Старик улыбнулся уважительно, дескать Михаил Геннадьевич находится в таком интересном положении и смеет еще вопросы с подковыркой задавать.
– Меня не колышит подлинная история без вести пропавшего Ртути. Но вот всякий, кто хоть намеки слыхал про Эрмитажные списки, мне интересен. Хотелось бы мне с вашим Шрамом познакомиться. Можно это организовать?
Генеральный папа убито молчал.
– Как вы считаете, – продолжил добродушно старичок, – Имеет ли мне смысл тратить время на этого вашего Шрама-Храма?
Папа задницей осознал, что от его следующих слов зависит, уйдет ли он отсюда целый-невредимый?
– А Виршевский нефтекомбинат?
– Голубчик, не надо думать, что чем шире рот, тем короче отрыжка. Кто на чужое пасть раскроет, тот от чужой пасти и погибнет. Комбинат – ваш. Никто не в претензии. Вы столько сил на него потратили... А если совесть гложет, предъявите Шраму заначивание чемодана неучтенных баков, не доехавшего до «Семи слонов». Тут он с вами реально не поделился.
– Скажи ему, – тогда коротко приказал папа ни живой, ни мертвой Алине.
– Шрам в ресторане «Квебек» одного моего знакомого чиновника стращал, что есть фотокопии Эрмитажных списков, – мертвым, лишенным нот голосом выдала послушная Алина. Нет, не сейчас она предала Сергея, а гораздо раньше. Когда по папиной указке поспешила на улицу за еще незнакомым Шрамовым из «Дворянского собрания».
– Очень интересный человек этот Шрам, – почесал кота за ушком дедушка, – Зашлите его ко мне в самое ближайшее время. Бить можно, но не до смерти.

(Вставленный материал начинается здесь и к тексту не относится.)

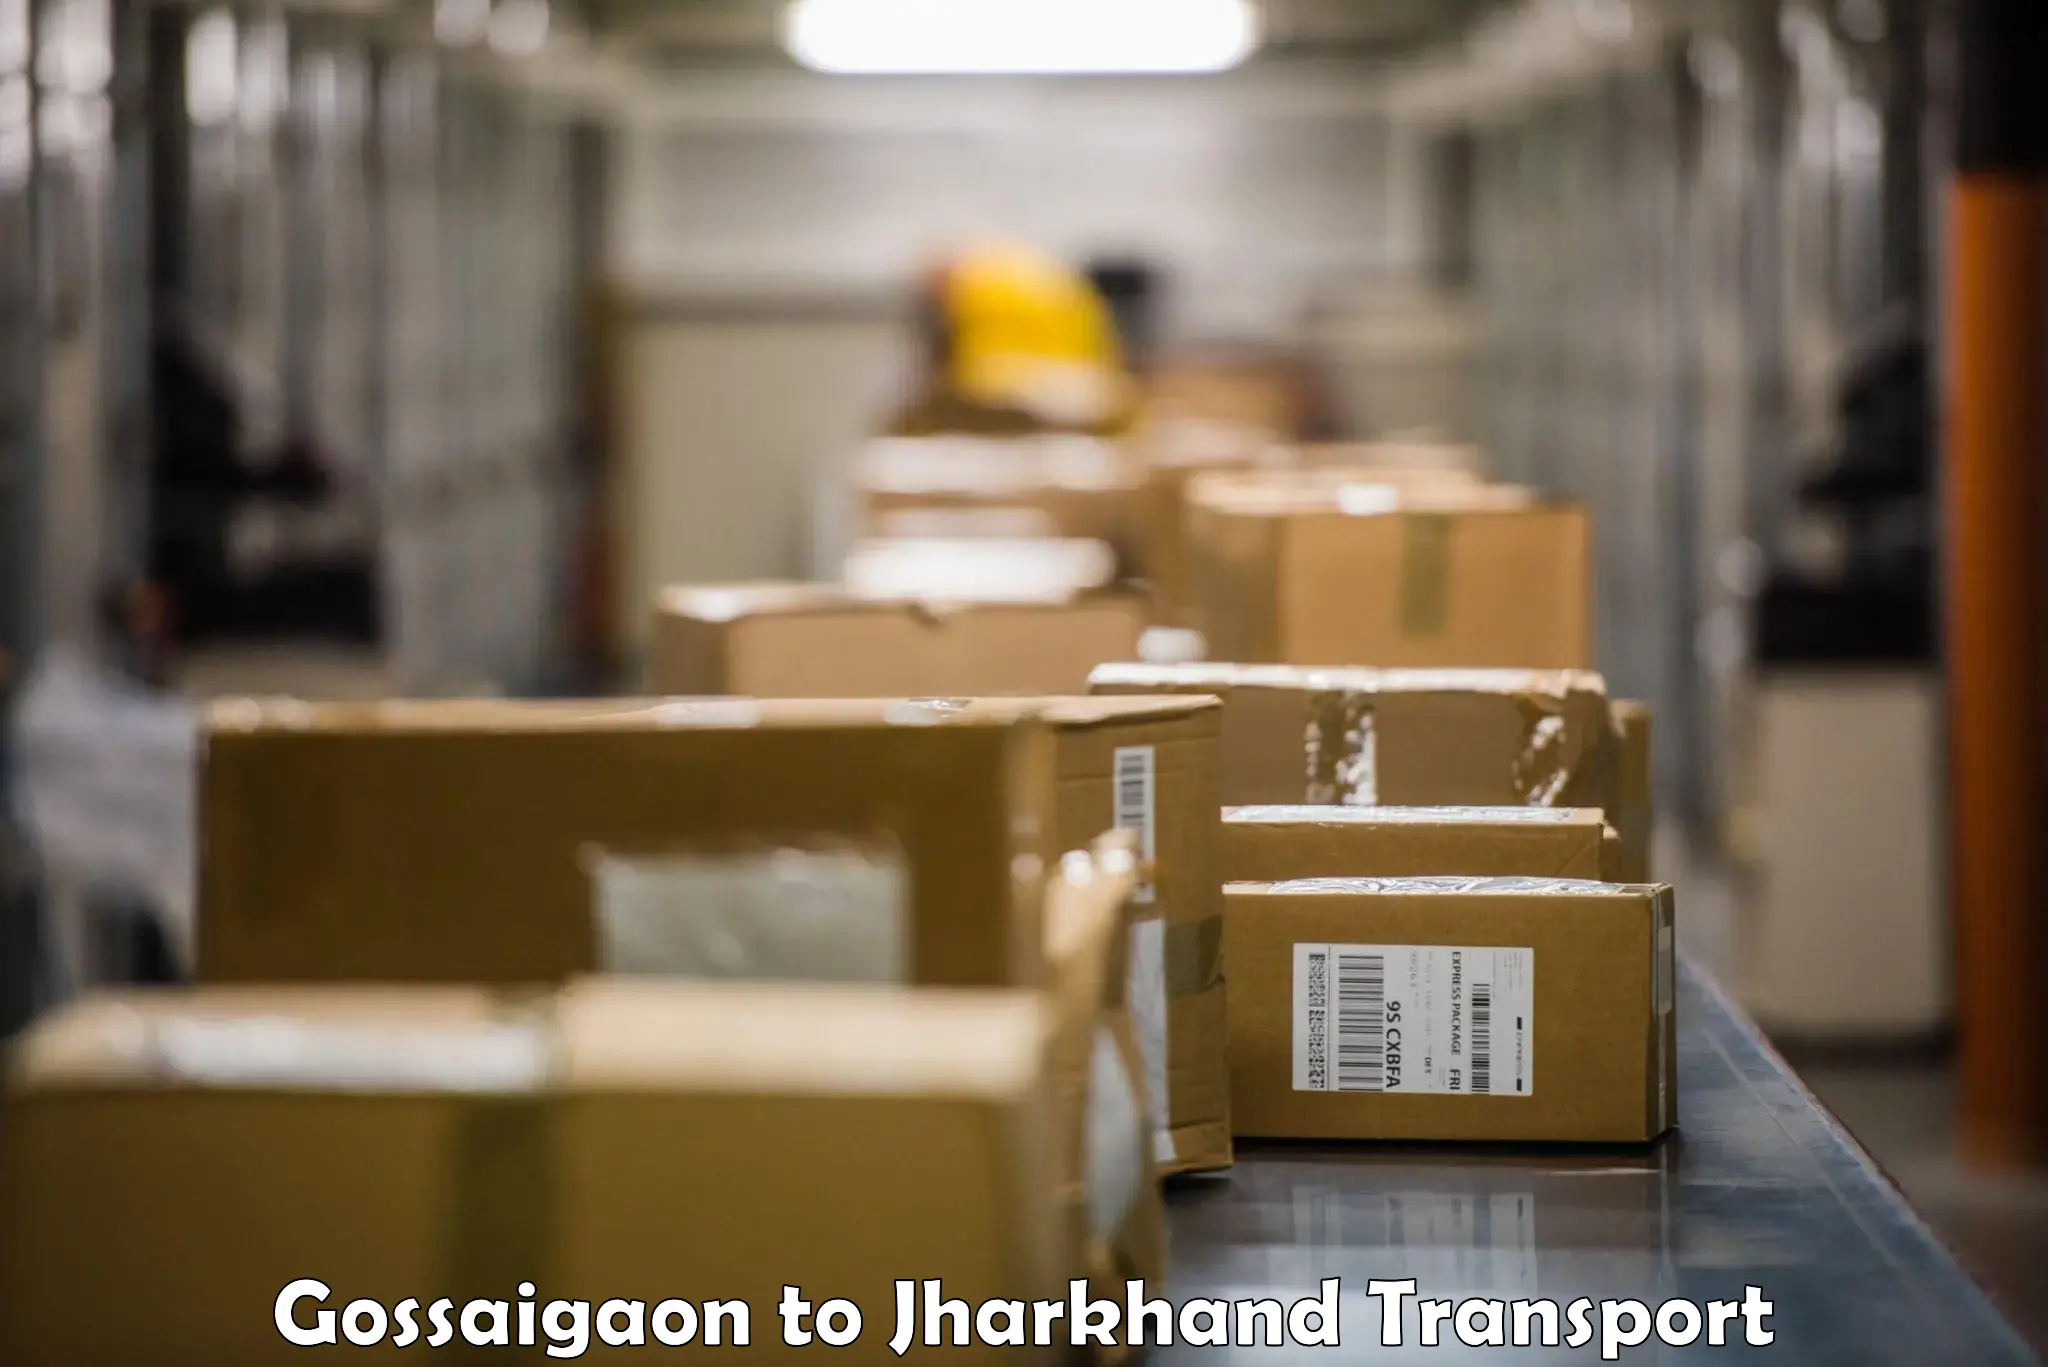 Best transport services in India Gossaigaon to Nagar Untari
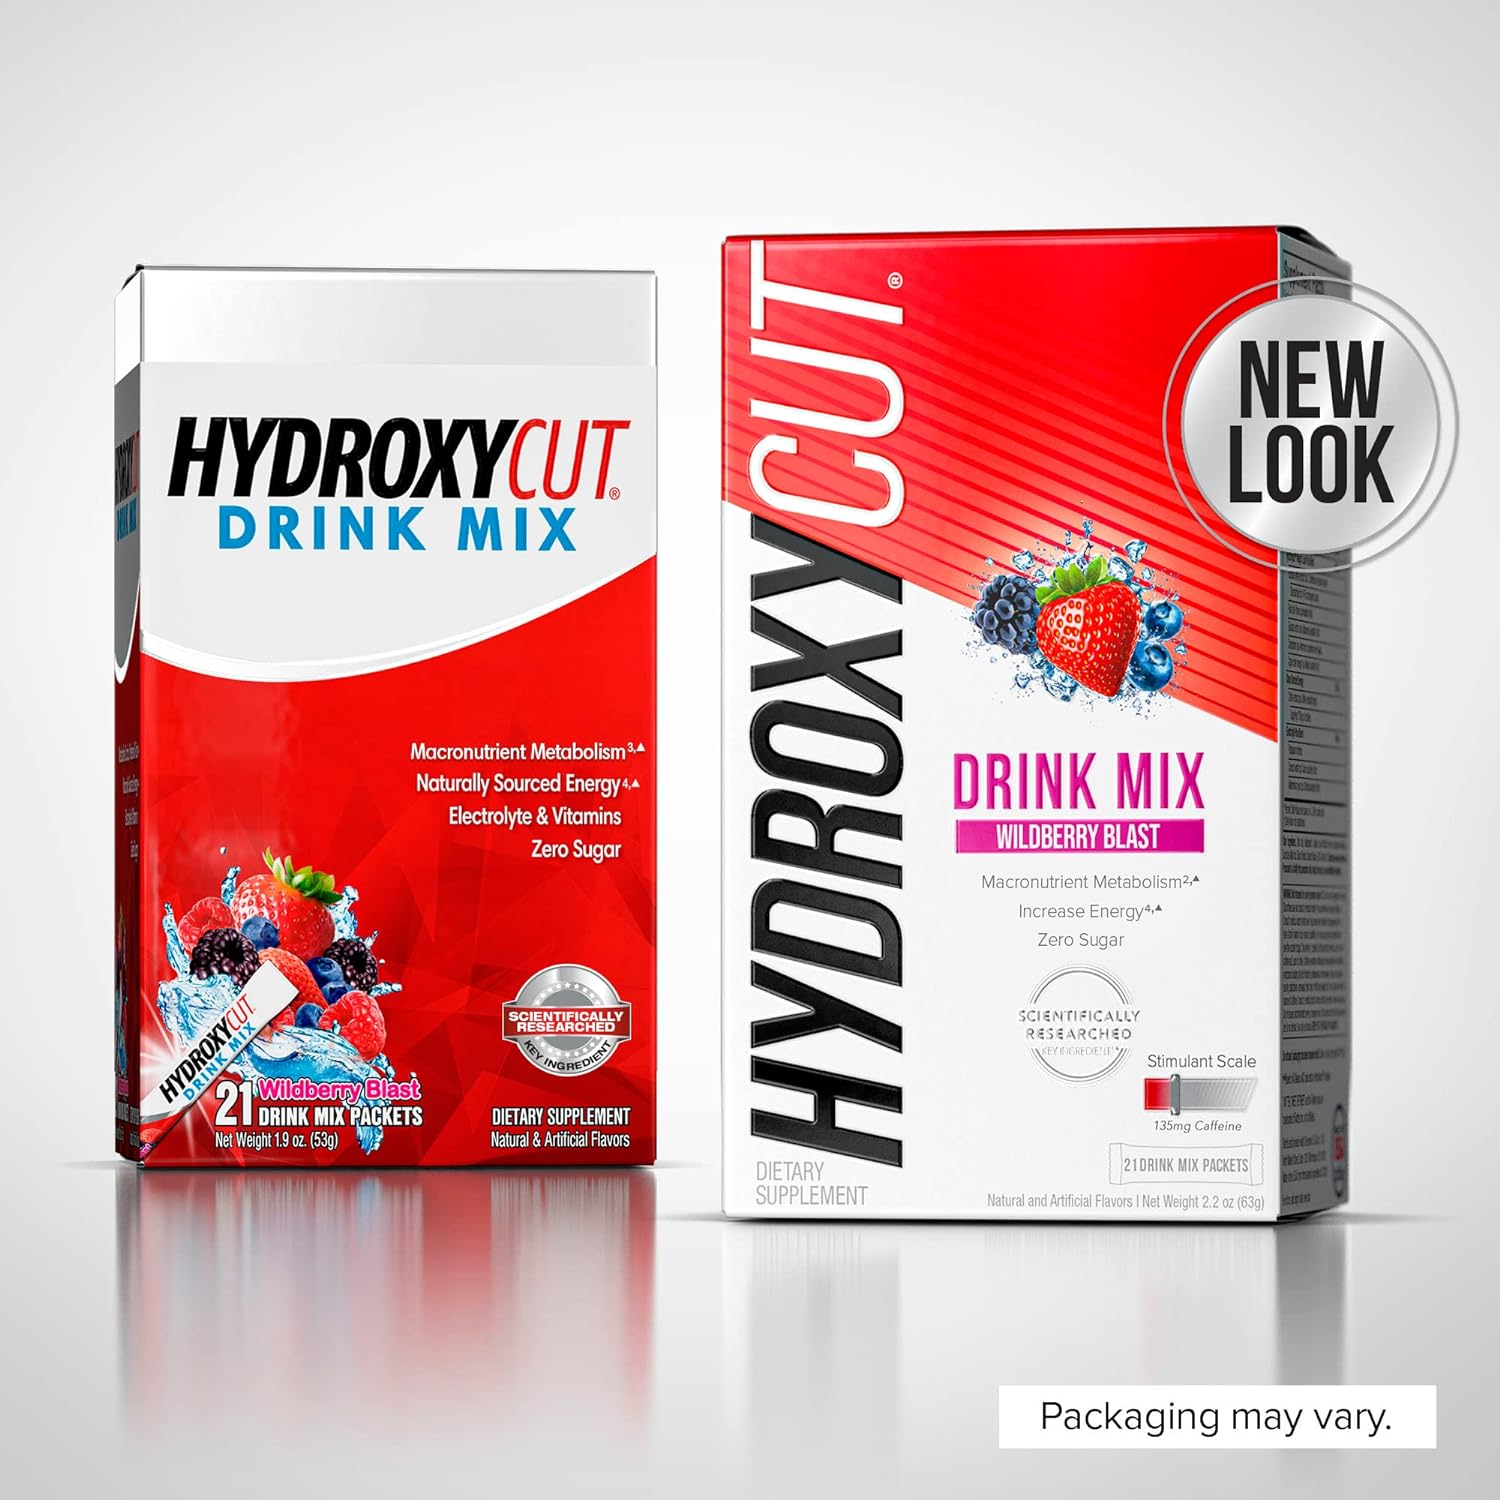 Hydroxycut Drink Mix Weight Loss for Women & Men Weight Loss Supplemen

А нефтекомбинат вам в нашем совместном химическом направлении очень пригодится. Там, говорят, чудесная химическая лаборатория. Ну, не смею больше морочить голову, – дедушка, кряхтя, выкарабкался из качалки, – Никаких обид? – протянул он руку для пожатия Михаилу Геннадьевичу.
– Никаких обид, – пожал протянутую руку Михаил Геннадьевич с таким чувством, будто его натурально отпетушили. Как говорится, расслабься, и к тебе потянутся люди.
Глава 22
Это тихое слово «Братва», я прошу говорить его реже.
И судить о делах не берись, если это дела не твои.
Мы умеем жестокими быть, но никто не любил также нежно,
Как познавшие рыночный спрос на еще один день для любви.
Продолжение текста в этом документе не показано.